Oosthoek's Uitgevers Mij. N.V (1916-1925)

Gepubliceerd op 13-12-2018

Dirk

betekenis & definitie

Dirk - naam van een 7-tal graven van Holland uit het Hollandsche huis:

Dirk I (± 915 tot na 939), waarschijnlijk de zoon of kleinzoon van zekeren graaf Gerolf, die 885 ondergeschikt blijkt aan den sedert 882 in „Friesland” gevestigden Noormannenhertog Godfried en die in 889 door keizer Arnolf met eenige goederen in zijn graafschap werd begiftigd. Het bedoelde graafschap wordt omschreven als het duinlandschap van den Rijnmond Noordwaarts tot het voormalige Schoorlerbosch.

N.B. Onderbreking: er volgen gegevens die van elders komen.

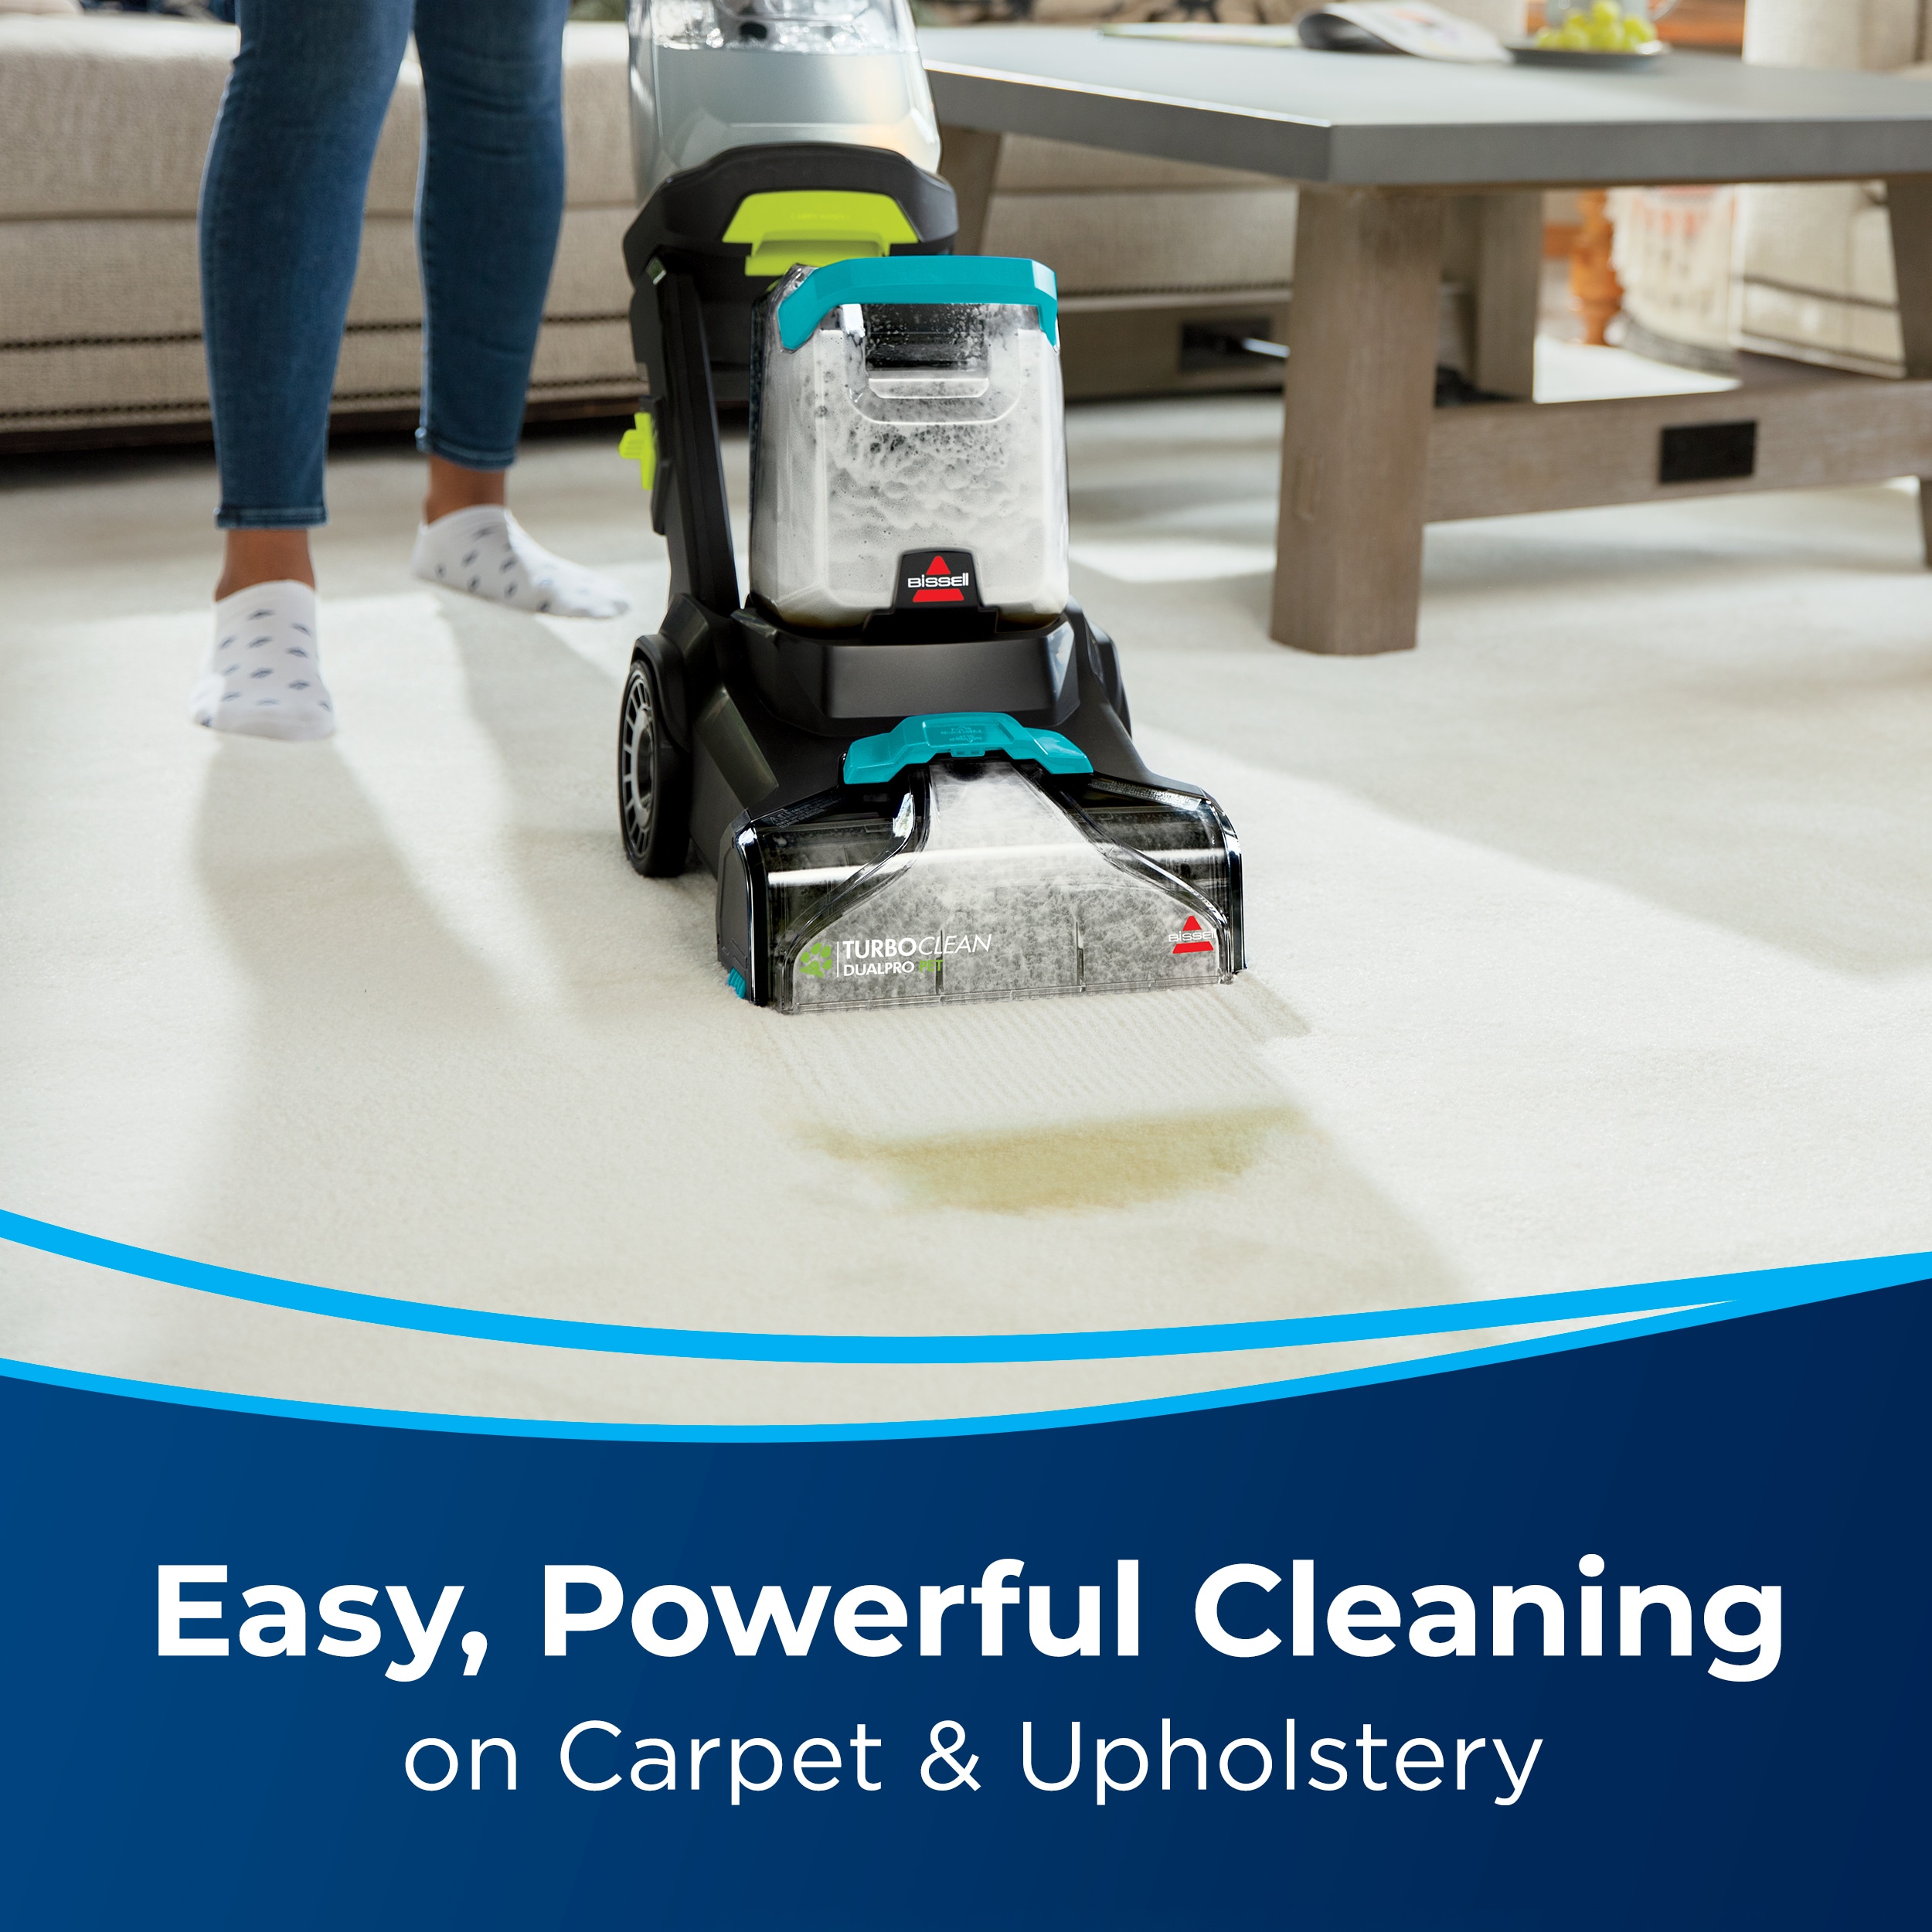 BISSELL Carpet Cleaners at
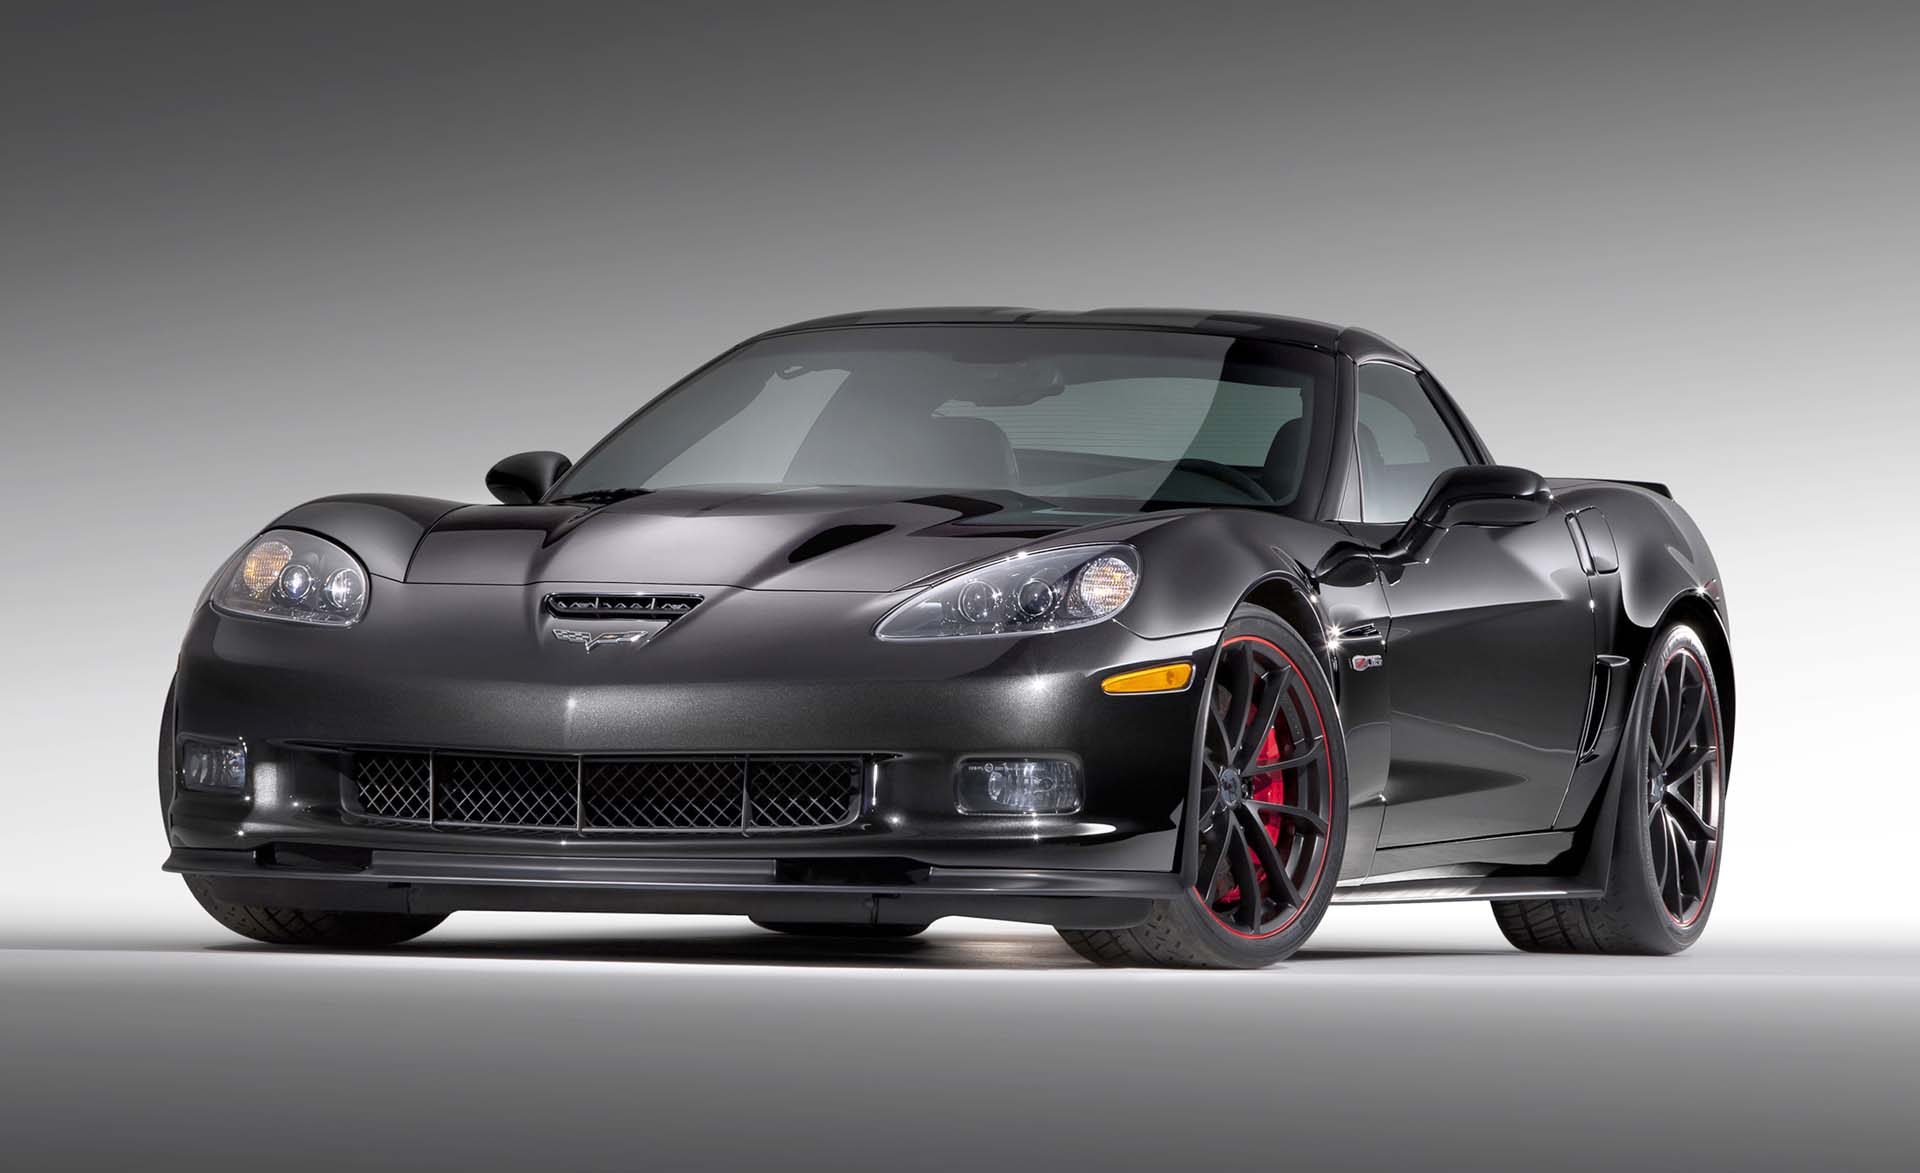 Mid-way through its life cycle, the base C6 Corvette got a 6.2L engine making 430 hp. Even now, with clever traction control and forced induction power in many of its rivals, even the basic 'Vettes are capable of putting down scorching performance numbers.

Dirk I moge in dat ambtsgebied al wat persoonlijk eigendom bezeten hebben, van Gerolf hebben geerfd?, in 922 schonk Karei de Eenvoudige, toen heerscher over Lotharingen, hem bovendien de kerk van Egmond en al hare bezittingen. Ook deze zijn niet precies te localiseeren. Van graaf Dirk weten wij verder zoo goed als niets. Hij vestigde nonnen in de oude abdij van Sint Pieter te Egmond, liet er het stoffelijk overschot van den H. Adalbert overbrengen en wordt door de Egmondsche overlevering met zijn gemalin Geva dankbaar herdacht.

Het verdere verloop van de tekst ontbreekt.